Data driven discovery and quantification of hyperspectral leaf reflectance phenotypes across a maize diversity panel

Abstract

Estimates of plant traits derived from hyperspectral reflectance data have the potential to efficiently substitute for traits, which are time or labor intensive to manually score. Typical workflows for estimating plant traits from hyperspectral reflectance data employ supervised classification models that can require substantial ground truth datasets for training. We explore the potential of an unsupervised approach, autoencoders, to extract meaningful traits from plant hyperspectral reflectance data using measurements of the reflectance of 2151 individual wavelengths of light from the leaves of maize (Zea mays) plants harvested from 1658 field plots in a replicated field trial. A subset of autoencoder-derived variables exhibited significant repeatability, indicating that a substantial proportion of the total variance in these variables was explained by difference between maize genotypes, while other autoencoder variables appear to capture variation resulting from changes in leaf reflectance between different batches of data collection.

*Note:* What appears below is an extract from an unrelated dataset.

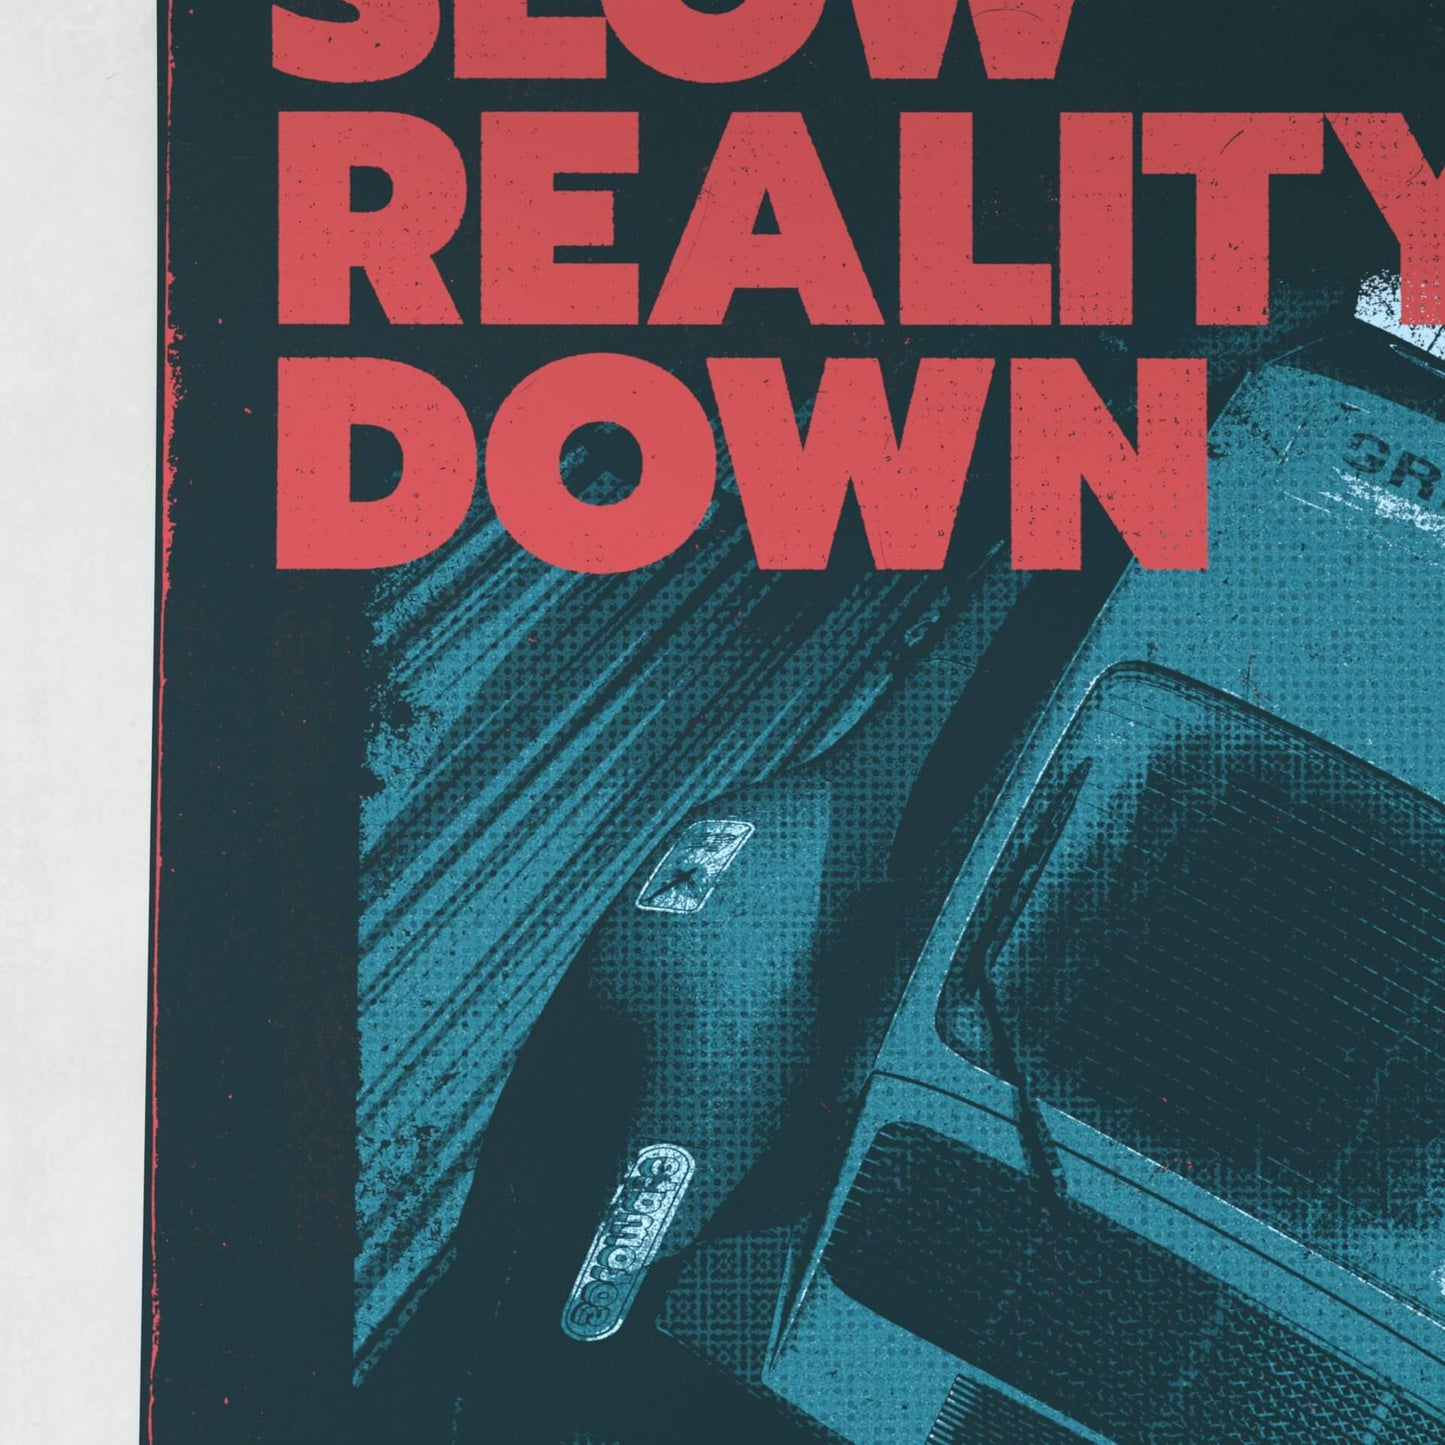 Slow Reality Down - Matte Poster
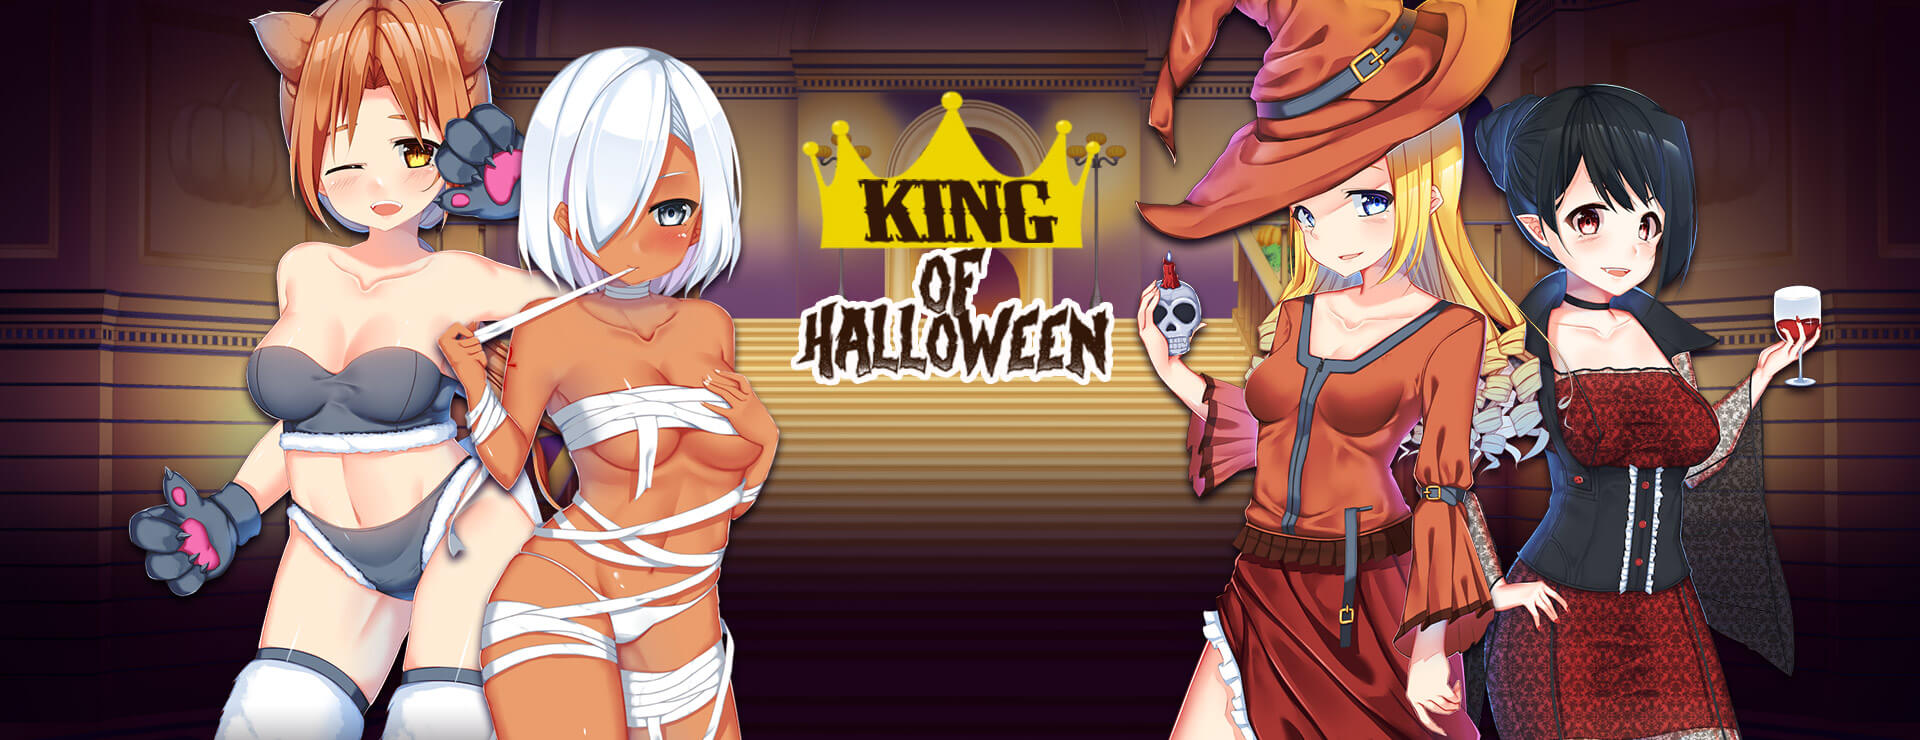 King of Halloween - Visual Novel Game

Several of the repeatable latent variables were significantly correlated with other traits scored from the same maize field experiment, including one autoencoder-derived latent variable (LV8) that predicted plant chlorophyll content modestly better than a supervised model trained on the same data. In at least one case, genome-wide association study hits for variation in autoencoder-derived variables were proximal to genes with known or plausible links to leaf phenotypes expected to alter hyperspectral reflectance. In aggregate, these results suggest that an unsupervised, autoencoder-based approach can identify meaningful and genetically controlled variation in high-dimensional, high-throughput phenotyping data and link identified variables back to known plant traits of interest.